Okay, I'll be honest. I hate some people.
I hate mean people.
I hate stupid people.
I hate rude people.
I hate incompetent people.
I'm not a mean person...right?
There is only so much I can handle before I feel my sanity start to break down and last Friday I finally hit that point.
So, I sat in my office and cried. The tears rolled down my cheeks and dripped onto my keyboard and the thought of having to come back and do it all again this week just made me cry harder.
I thought the office was empty so I let it all go. And then my co-worker walked in. She didn't notice my tears because I didn't look at her. I just kept typing. It was awful.

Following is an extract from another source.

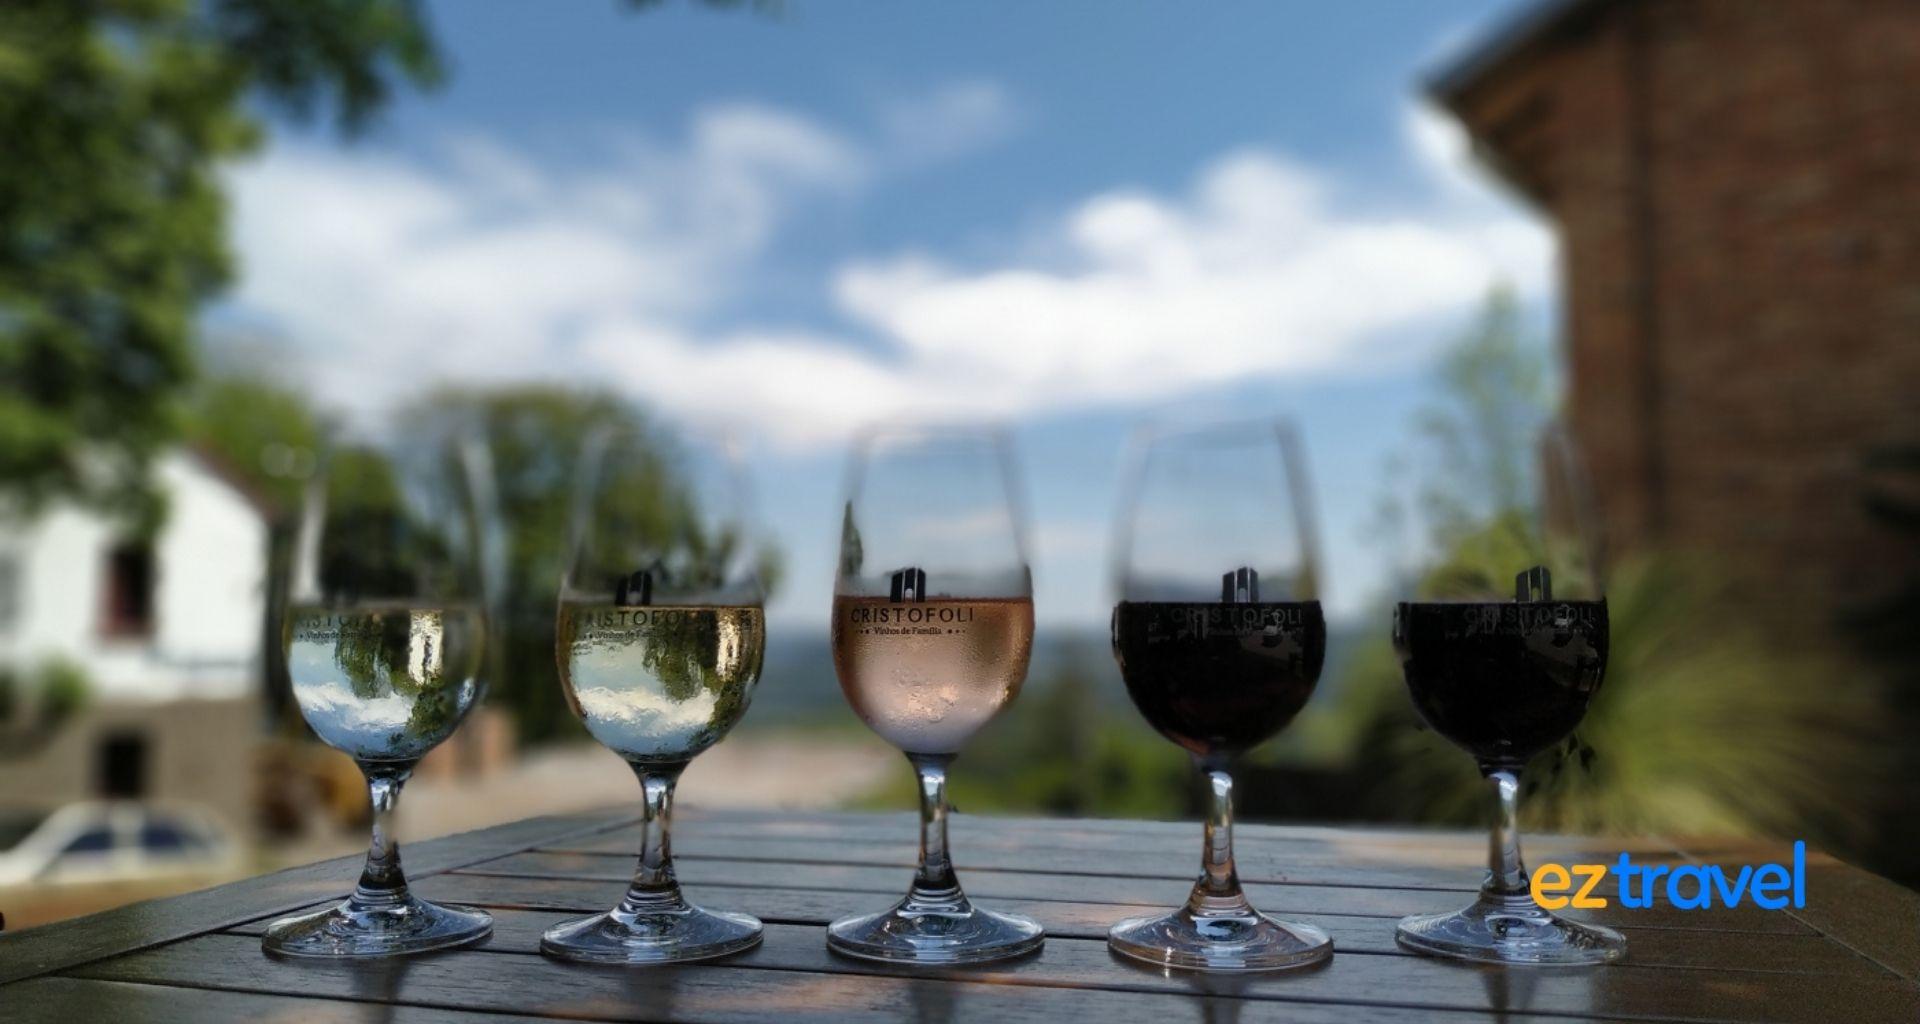 vinicola cristofoli

I've been working long hours for weeks now; skipping lunch breaks, taking work home, and staying late at the office. I'm exhausted.
I have until Thanksgiving to hit my next goal weight. I set that goal for myself and would really like to reach it. I'm starving.

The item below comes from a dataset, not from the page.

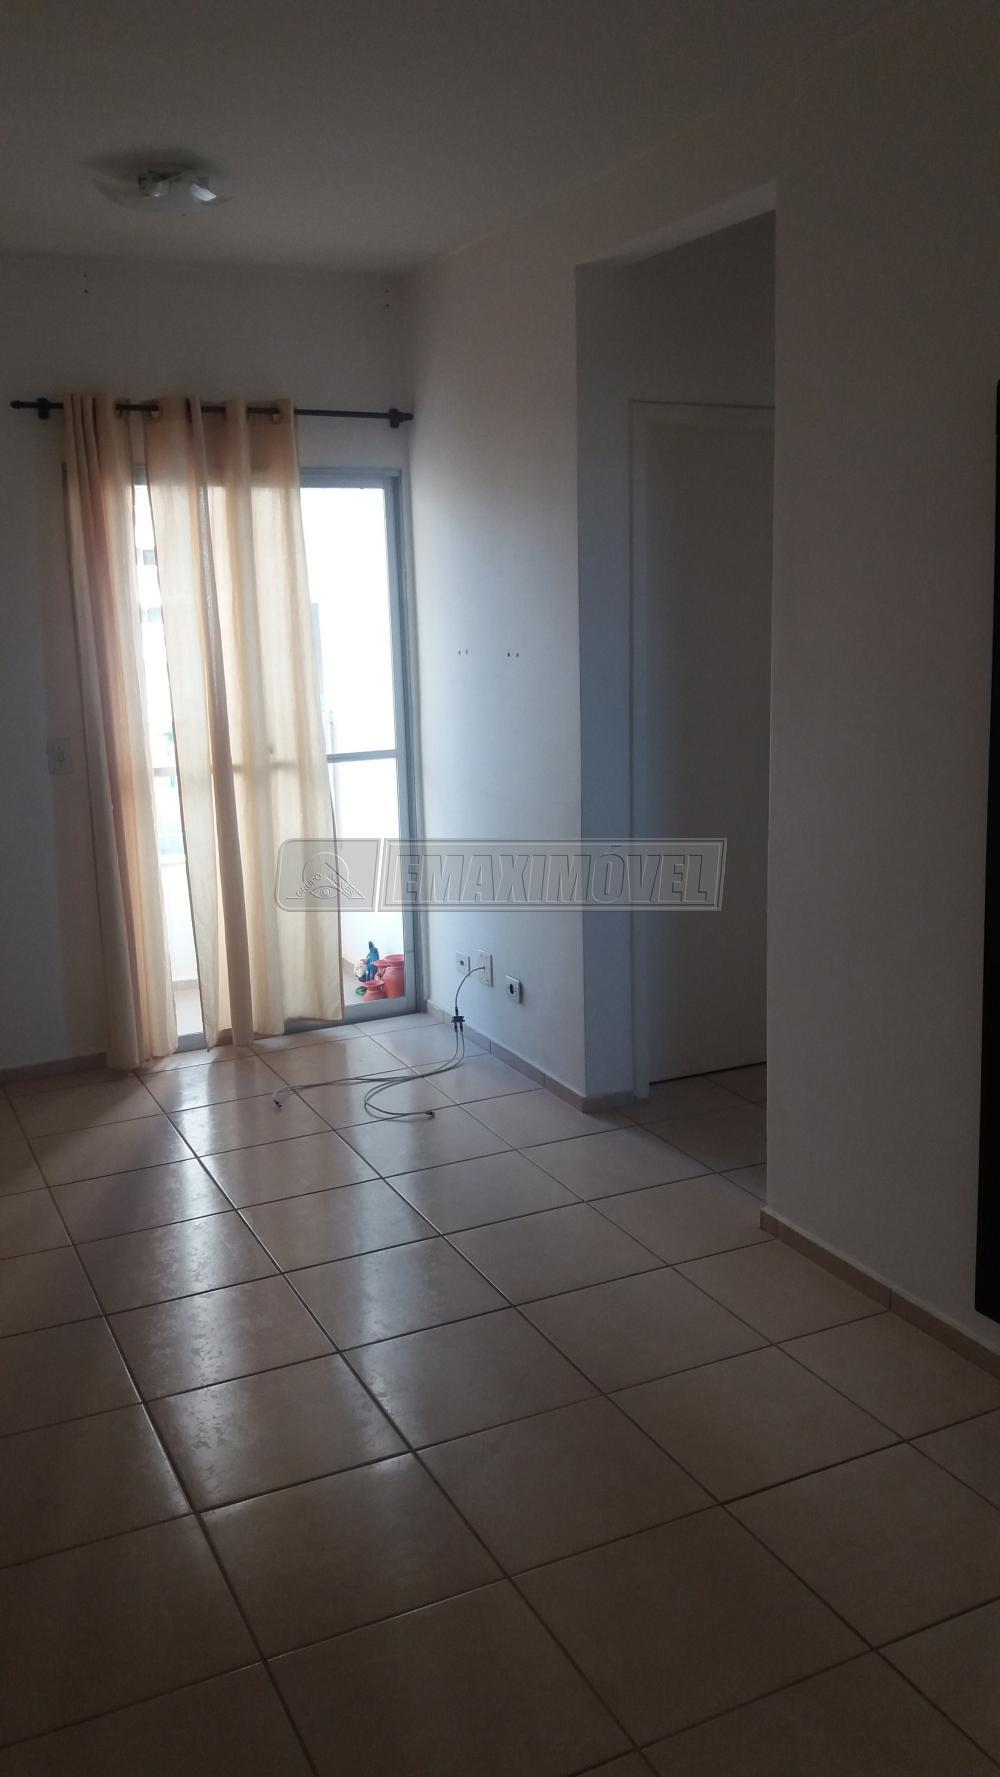 Comprar Apartamentos / Apto Padrão em Sorocaba apenas R$ 190.000,00 - Foto 3

I started getting up at 4:45 again to make time for exercise because I know that waiting until after work is a lost battle. I'm sore and grouchy.
It's only the second week of the semester and already my husband's schedule is beginning to take a toll on me. I'm stressed out.
Stress. Hunger. Fatigue.
That would make anyone a bit "on edge", right?
But, I'm not a mean person. Really I'm not.
I think my co-workers might think that I'm either
A. Completely strange or
B. A B&%$#@
Why, might they think this? Probably because I called the person who left colored paper in the copy machine a Schmoe. Or, maybe it was because I told my supervisor that I was going to be late to our meeting because it was 2:30 and I really needed to take my first bathroom break of the day. Or, perhaps they thought I was a bit grumpy when I trashed (no...vented about) another co-worker when she was out of the office (I know...totally immature and unprofessional).
Either way, I just hate the thought of people thinking that I'm a mean girl.
So, today I resolved to be nicer. I made the first pot of coffee. That's my good deed for the day. And, I feel a lot better (baby steps people).
Now, if I could just find my favorite pen I think today might actually be a good day.